Lambda Legal Senior Staff Attorney, Shelly Skeen noted, “HB 25 targets and attempts to further marginalize an already vulnerable student population by denying transgender kids the many benefits and opportunities full and equal participation in interscholastic athletics provides. It not only excludes them from the leadership skills, teamwork, self-esteem, discipline, health benefits and camaraderie that sports offer, it also sets them apart from their peers each day at school, subjecting them to increased bullying and harassment, which is already all too pervasive in our schools.

“No student in our state, or anywhere, should suffer such unfair and unequal treatment simply because of who they are,” Skeen included.

According to the Movement Advancement Project, Texas is now one of 10 states banning trans youth from participating in team sports.

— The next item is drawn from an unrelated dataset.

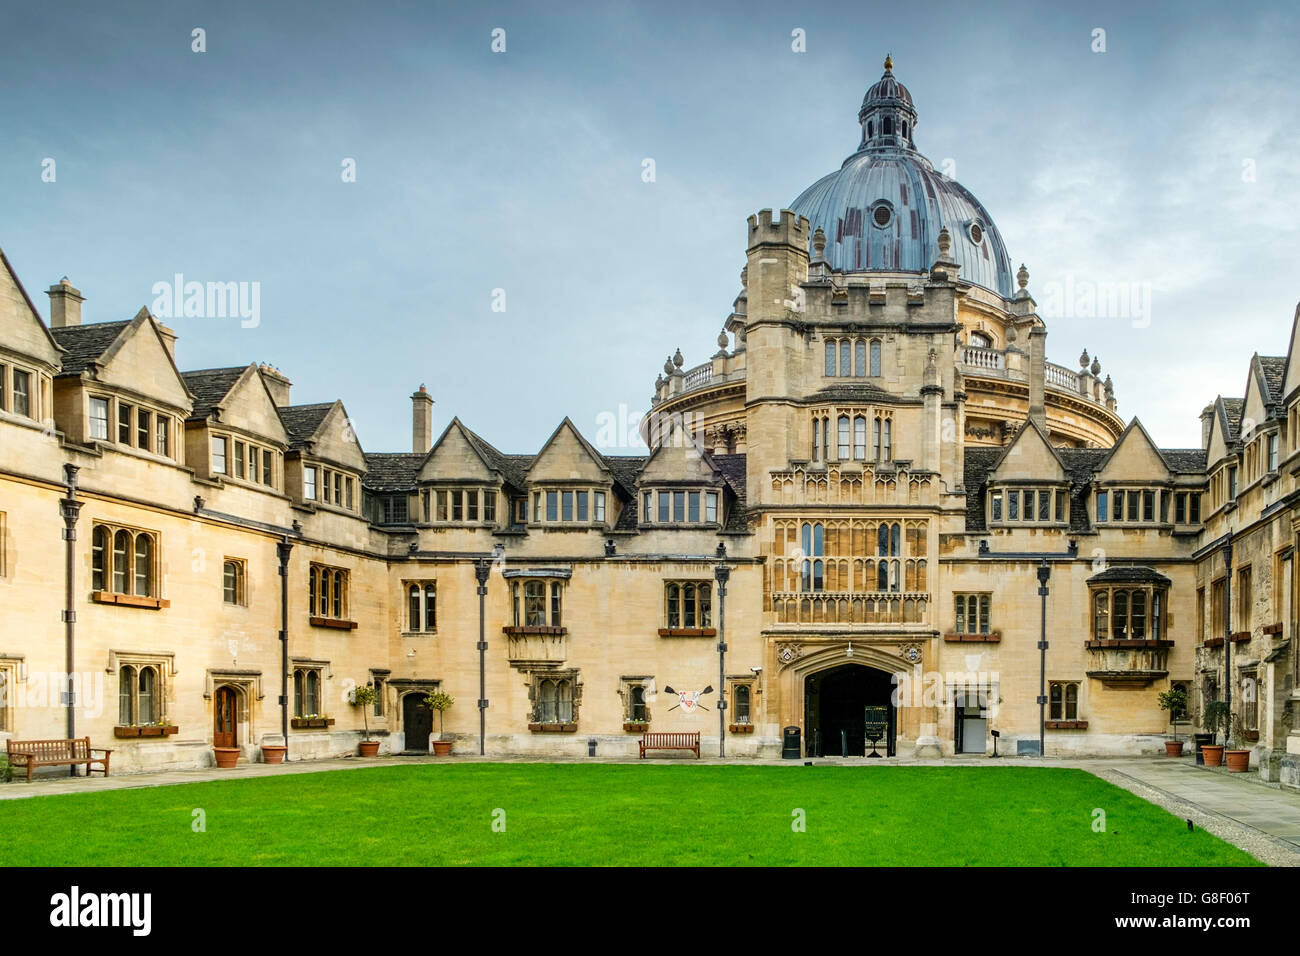 Frente Quad de la universidad de Brasenose Oxford con la cúpula de la cámara de Radcliffe detrás, Universidad de Oxford, Oxfordshire, Reino Unido Foto de stock

Equality Texas calls the ban “cruel, dehumanizing, and harmful,” and noted that just the debate over the ban alone, characterized by increasingly hateful and false rhetoric, created an increase in bullying, calls to suicide hotlines and physical assaults, not to mention the effect of the actual ban itself.

And the American Psychological Association has registered its opposition to such bans:

“Transgender children vary in athletic ability, just as other youth do. There is no evidence to support claims that allowing transgender student athletes to play on the team that fits their gender identity would affect the nature of the sport or competition.

“A person’s gender identity is how each person perceives and describes their gender. This may or may not be consistent with the sex someone was assigned at birth. Gender identity is central to how children and adolescents perceive themselves. Requiring transgender youth to athletically compete in a manner conforming with their assigned sex at birth is the same as banning them from athletic competition entirely.

“There is ample evidence that an opportunity for adolescents to participate in sports results in positive outcomes, such as better grades, greater homework completion, higher educational and occupational aspirations and improved self-esteem. Transgender youth should have access to the benefits of sports, just as other children do.”